Clarence Dutton started the tradition of naming geographical features in the Grand Canyon after mythological deities and heroic figures. Guinevere Castle was named by cartographer Richard Tranter Evans (1881–1966), after Guinevere, queen and wife of King Arthur, in keeping with an Arthurian naming theme for other geographical features in the vicinity, e.g. King Arthur Castle, Elaine Castle, Excalibur, Gawain Abyss, Bedivere Point, Lancelot Point, Holy Grail Temple, and Galahad Point. This feature's name was officially adopted in 1908 by the U.S. Board on Geographic Names. Harvey Butchart climbed both King Arthur Castle and Guinevere Castle on August 25, 1965, placing the first cairn on Guinevere, but was not the first person there as he found evidence that Native Americans had been there, namely a shelter and a granary.

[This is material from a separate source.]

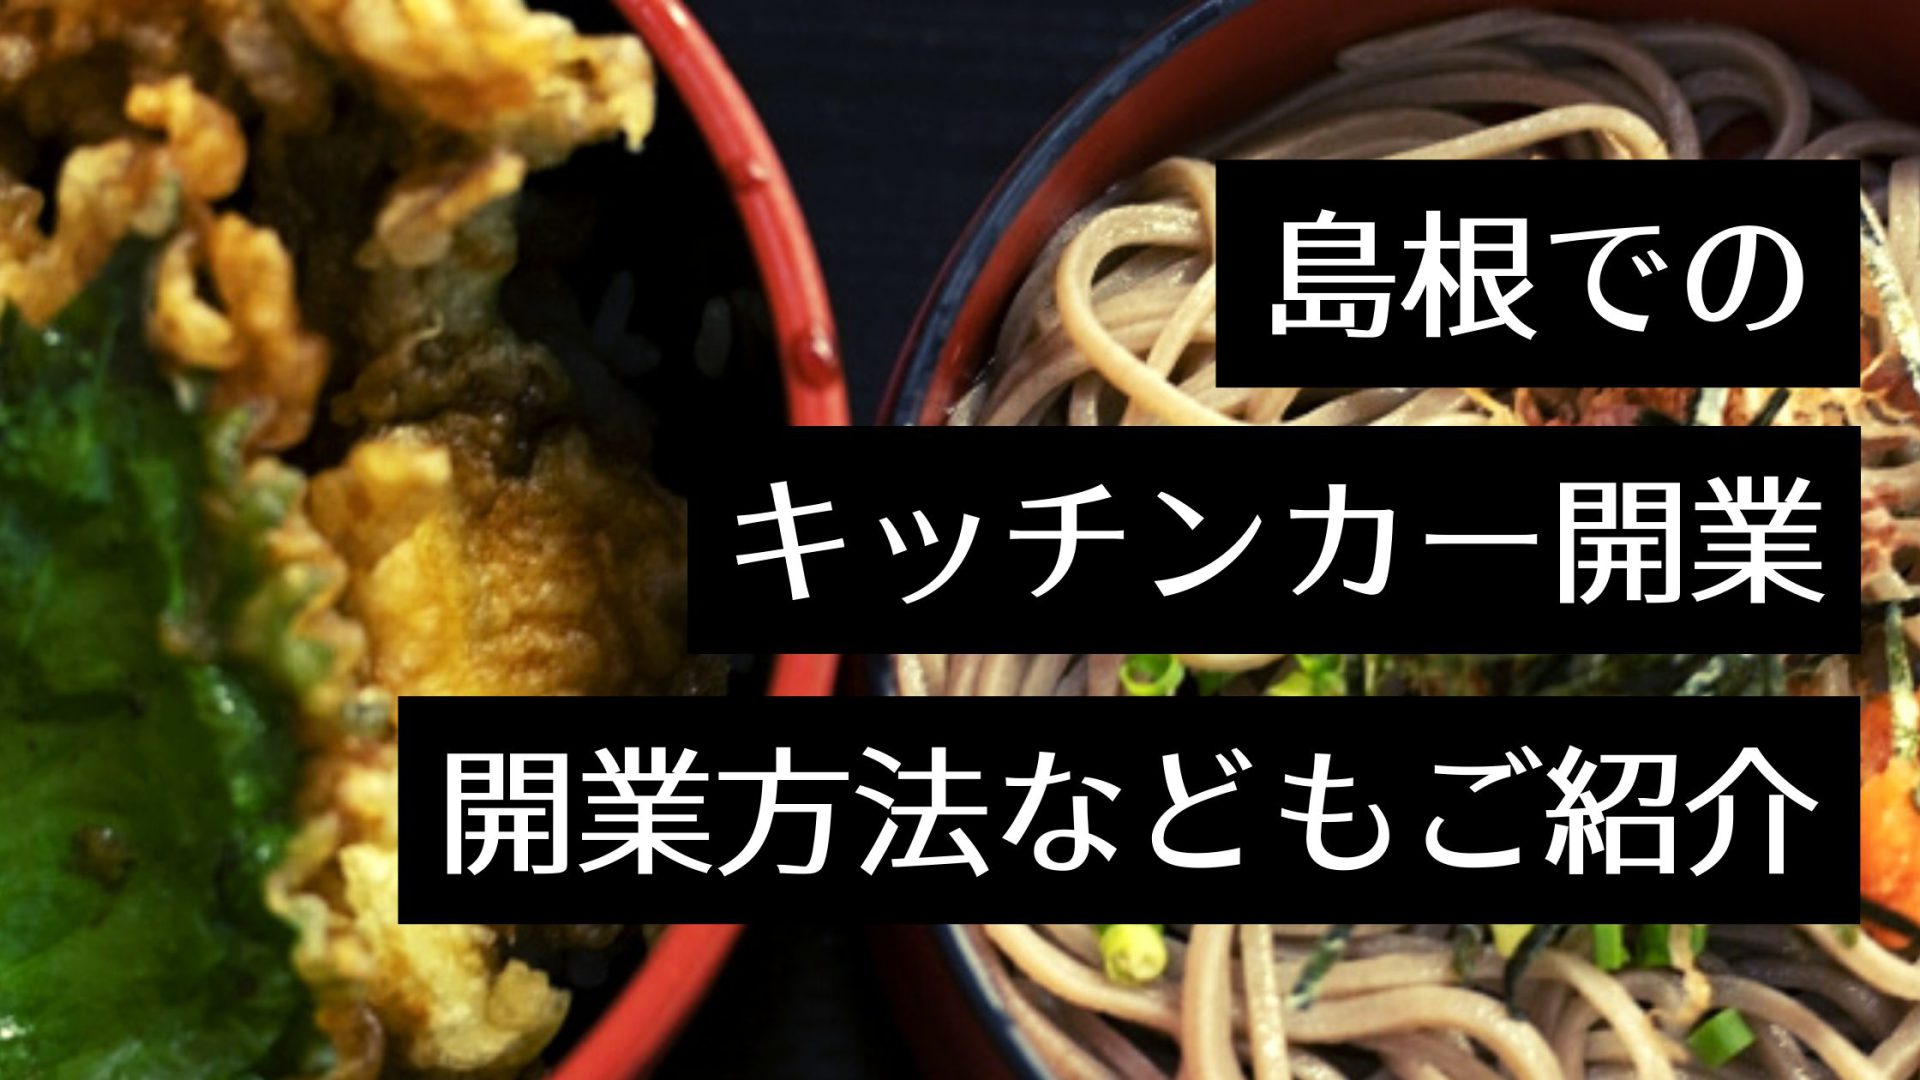 島根県でキッチンカーを開業するなら？人気のグルメや手続きについても解説します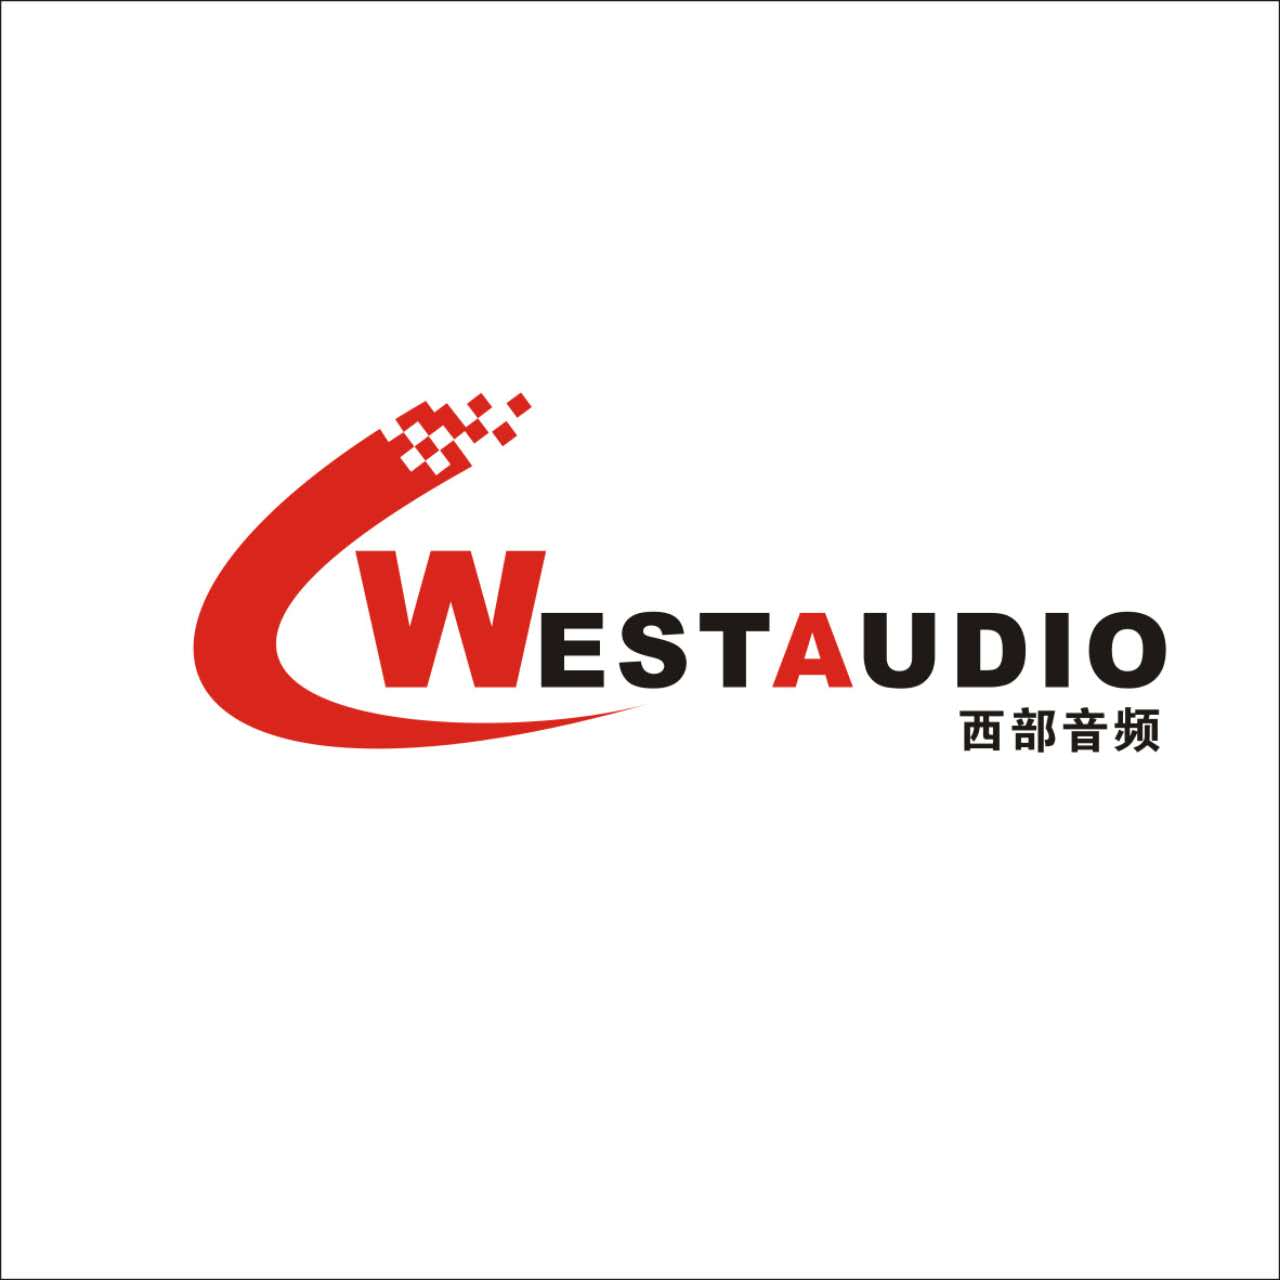 WestAudio西部音频

King Arthur and Guinevere became the 34th and 35th of the 83 summits Butchart would climb in the Grand Canyon.

==Geology==

The summit is composed of Permian Kaibab Limestone and cream-colored Permian Coconino Sandstone. This sandstone, which is the third-youngest stratum in the Grand Canyon, was deposited 265 million years ago as sand dunes. Below the Coconino Sandstone is reddish slope-forming, Permian Hermit Formation, which in turn overlays the Pennsylvanian-Permian Supai Group. Further down are strata of the cliff-forming Mississippian Redwall Limestone, and slope-forming Cambrian Tonto Group. Precipitation runoff from Guinevere Castle drains west to the Colorado River via Shinumo Creek.